I shall not try to summarize his arguments here; this work was published long enough ago that critical evaluations of them are available elsewhere (e.g. in Christine Korsgaard's _The Kingdom of Ends_). Suffice it to say that they involve Nagel's usual tension between the personal and impersonal points of view -- that is, between subjectivity and objectivity -- and the attempt to find some resolution or balance between them (a theme which runs through much of his work and indeed which he seems to have staked out as his own philosophical territory).
At any rate his conclusion is that it is entirely rational for us to be thus motivated and that "rational altruism" is a genuine possibility.

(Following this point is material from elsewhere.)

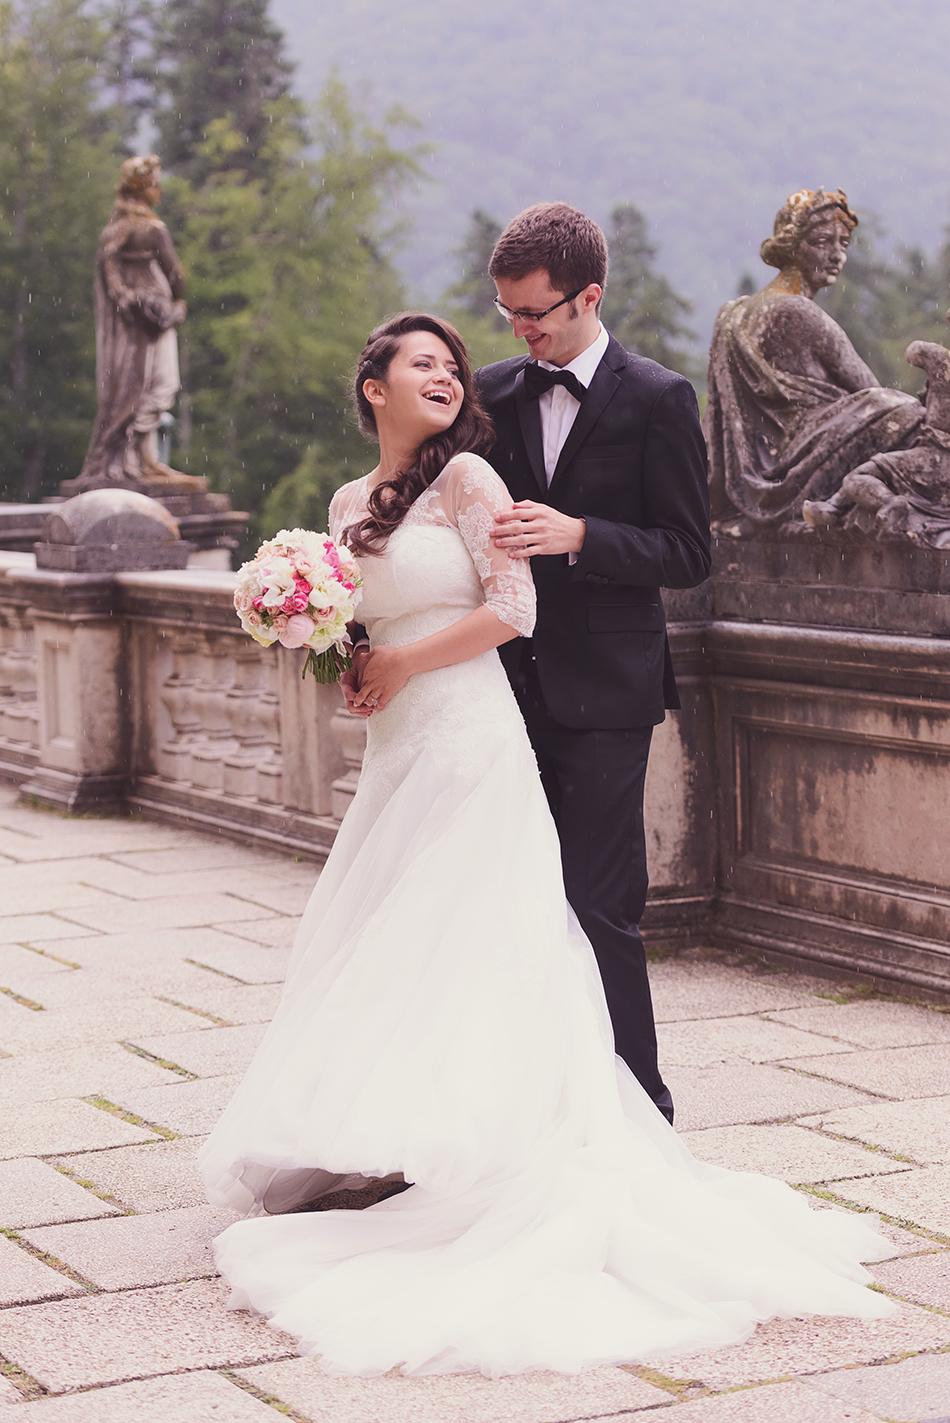 AD Passion Photography | fotograf-nunta-bucuresti_lorena-si-ammadeuss_0095 | Adelin, Dida, fotograf profesionist, fotograf de nunta, fotografie de nunta, fotograf Timisoara, fotograf Craiova, fotograf Bucuresti, fotograf Arad, nunta Timisoara, nunta Arad, nunta Bucuresti, nunta Craiova

And perhaps most importantly of all, Nagel has stated the _problem_ correctly. I realize this may not be a big deal to some of Nagel's readers. But personally I find it a blessed relief, as I spend a good deal of time reading and criticizing the works of Ayn Rand and her followers; it is a pleasure to read an argument about altruism that gets the issue straight and recognizes that other-regard is simply not reducible to prudence.
Which it isn't, and Nagel's mostly lucid work on this topic has the merit of making this point utterly clear. Readers of David Kelley's _Unrugged Individualism_ and Tibor Machan's _Generosity_ should probably attempt, at some point, to come to terms with the arguments in this volume.